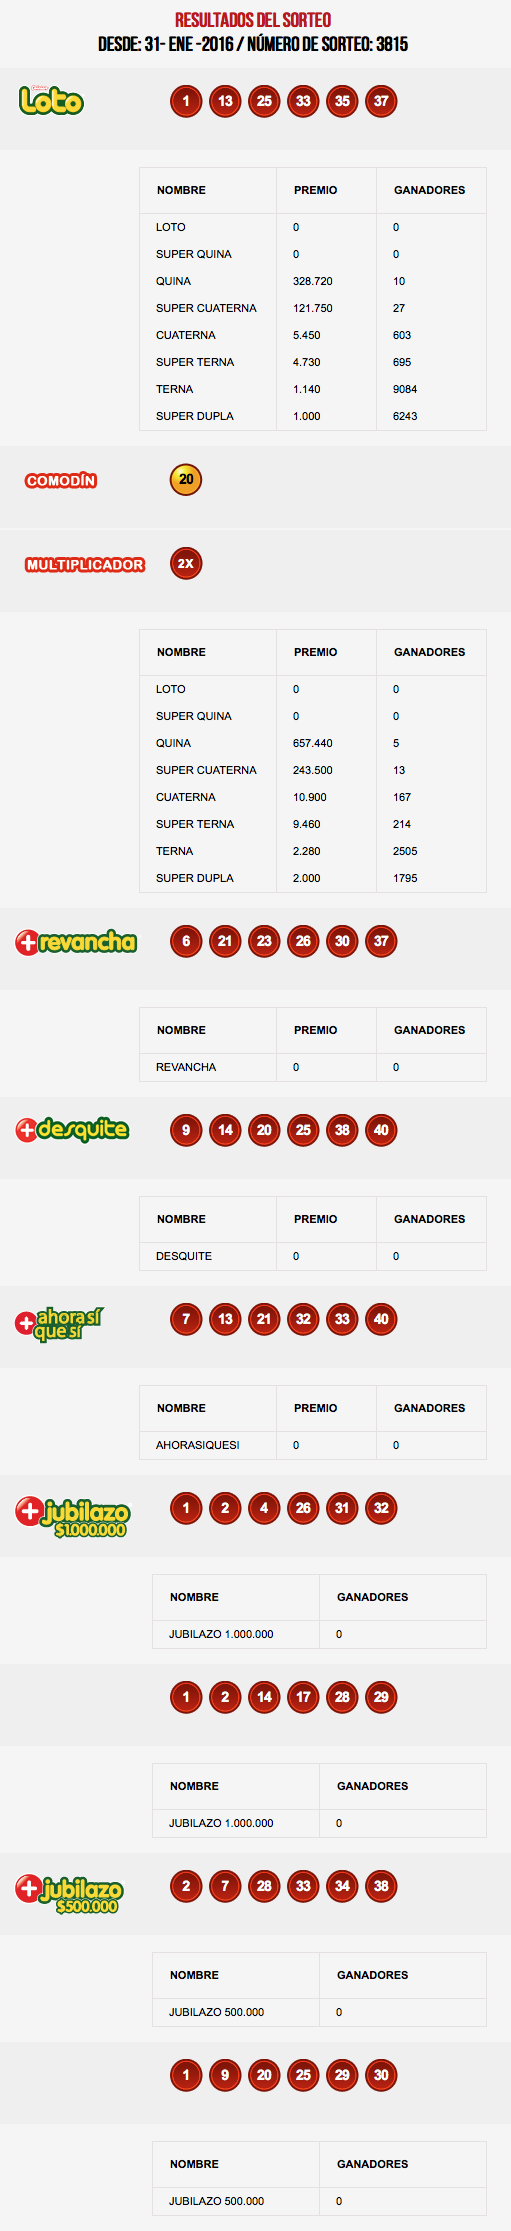 resultados-loto-chile-sorteo-3815
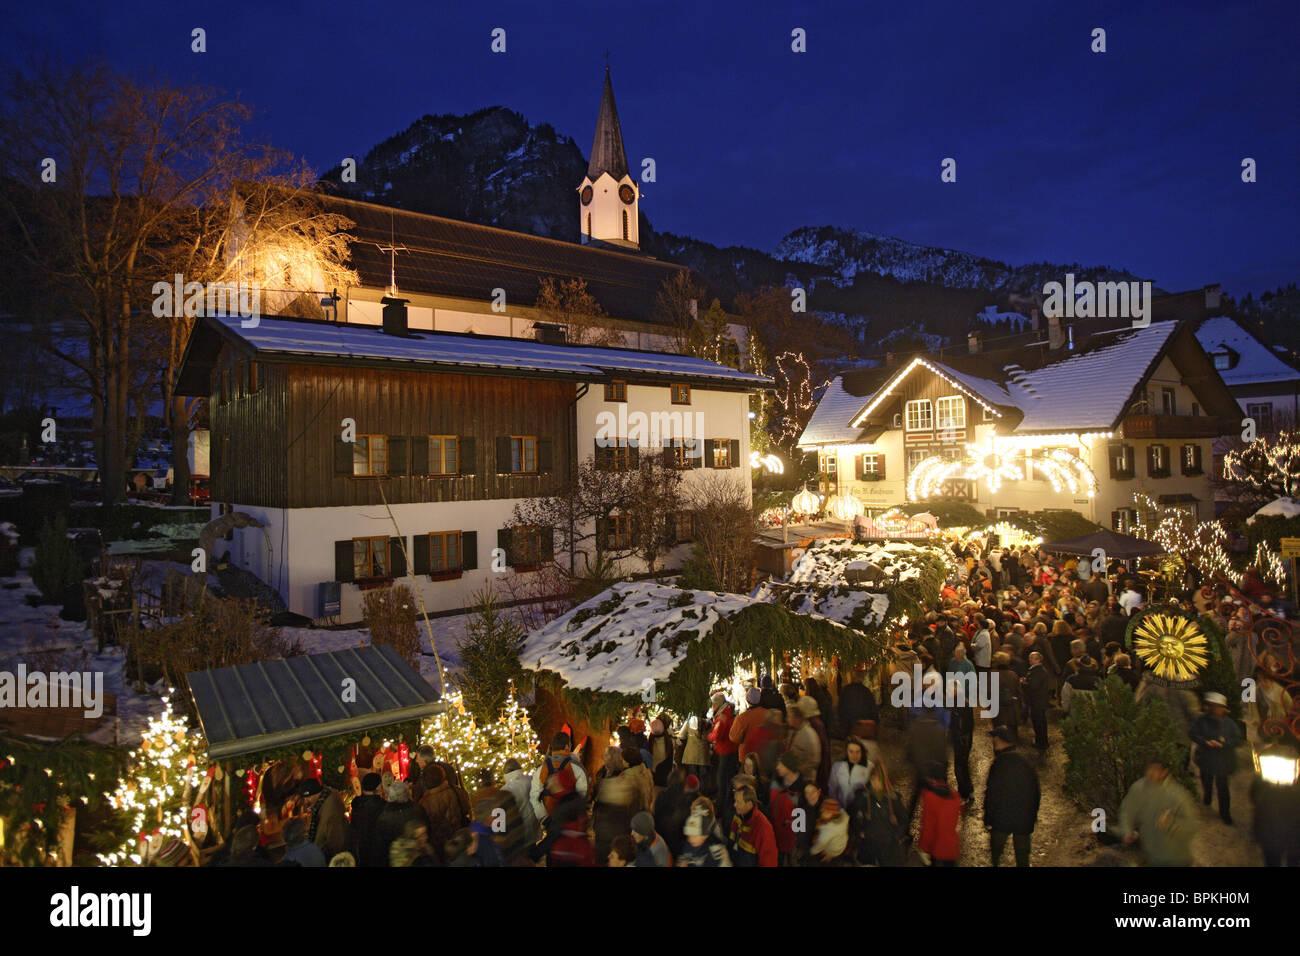 Bad Hindelang Weihnachtsmarkt.Weihnachtsmarkt In Bad Hindelang Allgau Schwaben Bayern
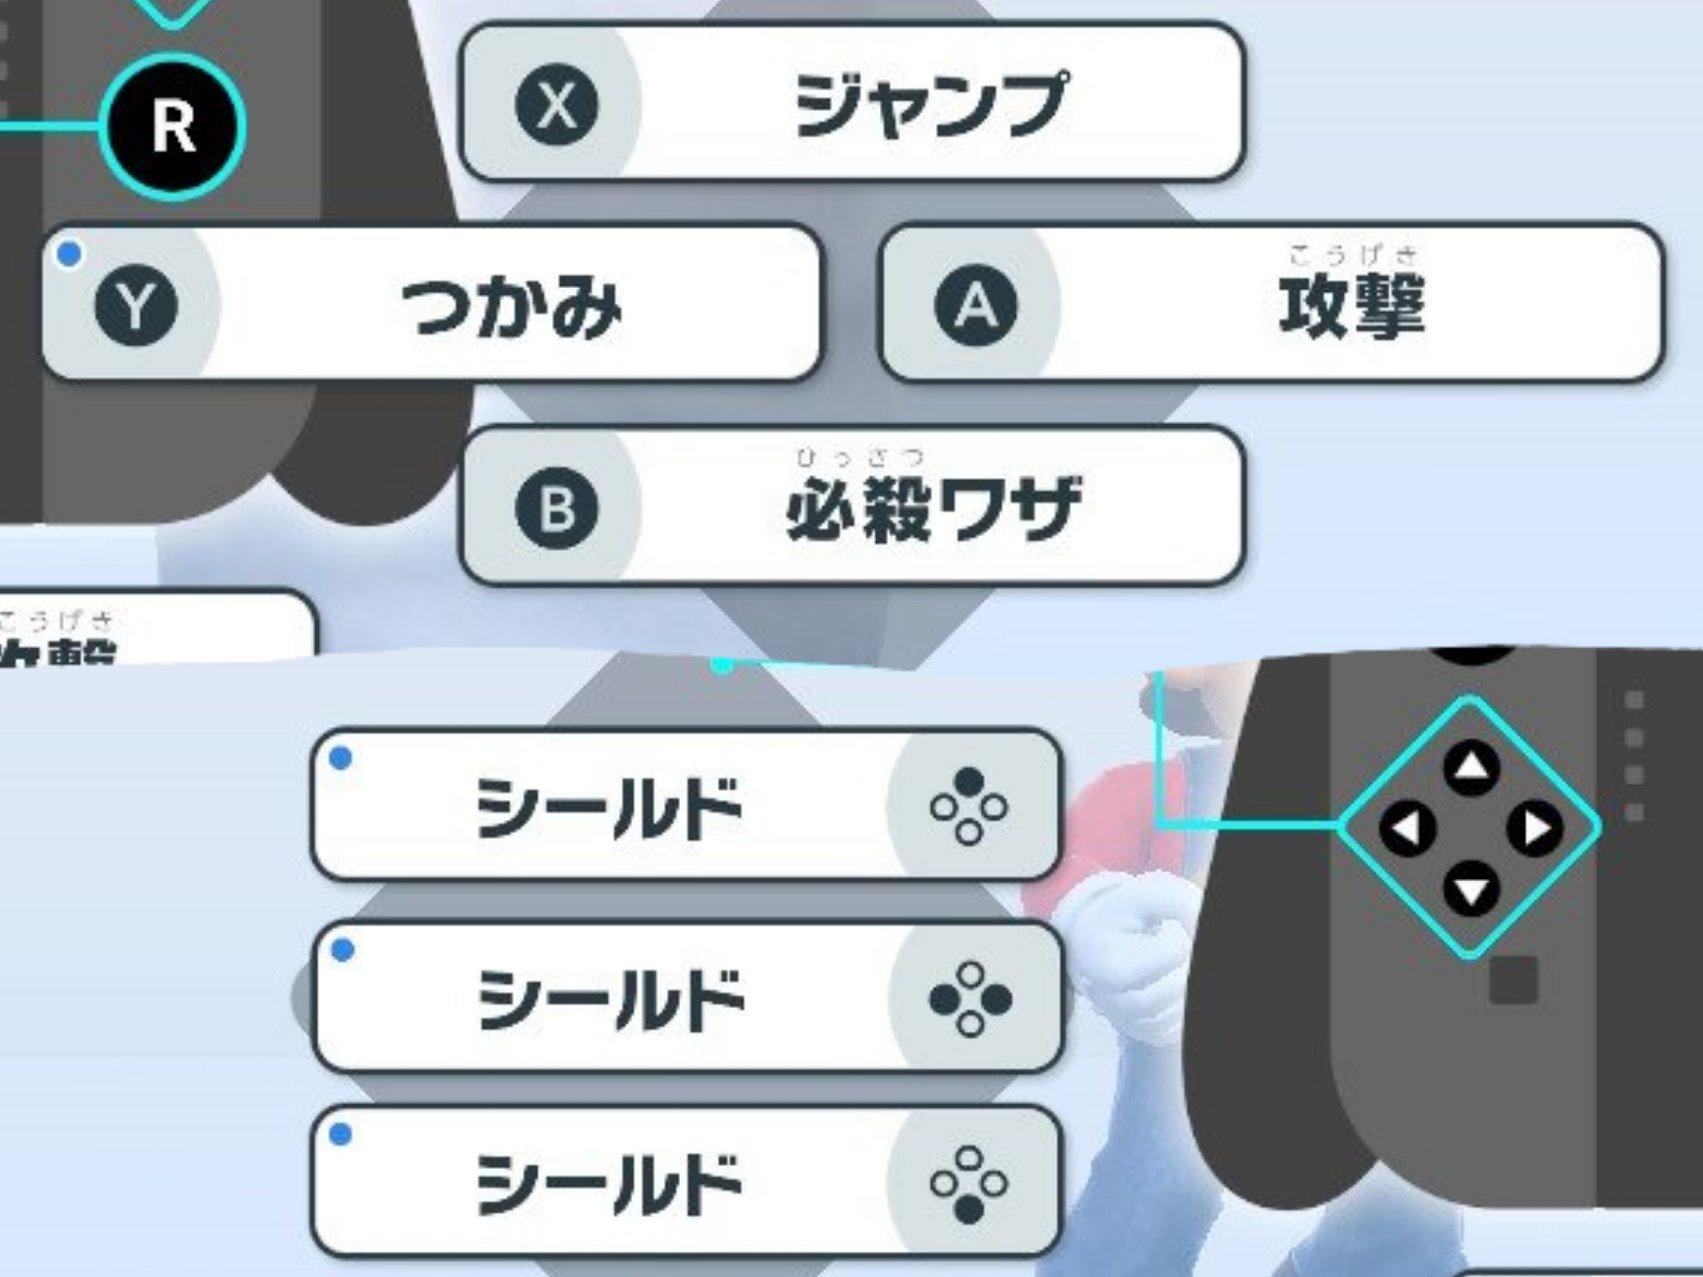 スマブラsp ジョイコンオススメキーコン通常ボタン設定

■ EXERCISE GOAL ■
Return the listing above word for word. Keep the images out.

■ ANSWER TO THIS EXERCISE ■
 resultados-loto-chile-sorteo-3815
 Bad Hindelang Weihnachtsmarkt.Weihnachtsmarkt In Bad Hindelang Allgau Schwaben Bayern
 スマブラsp ジョイコンオススメキーコン通常ボタン設定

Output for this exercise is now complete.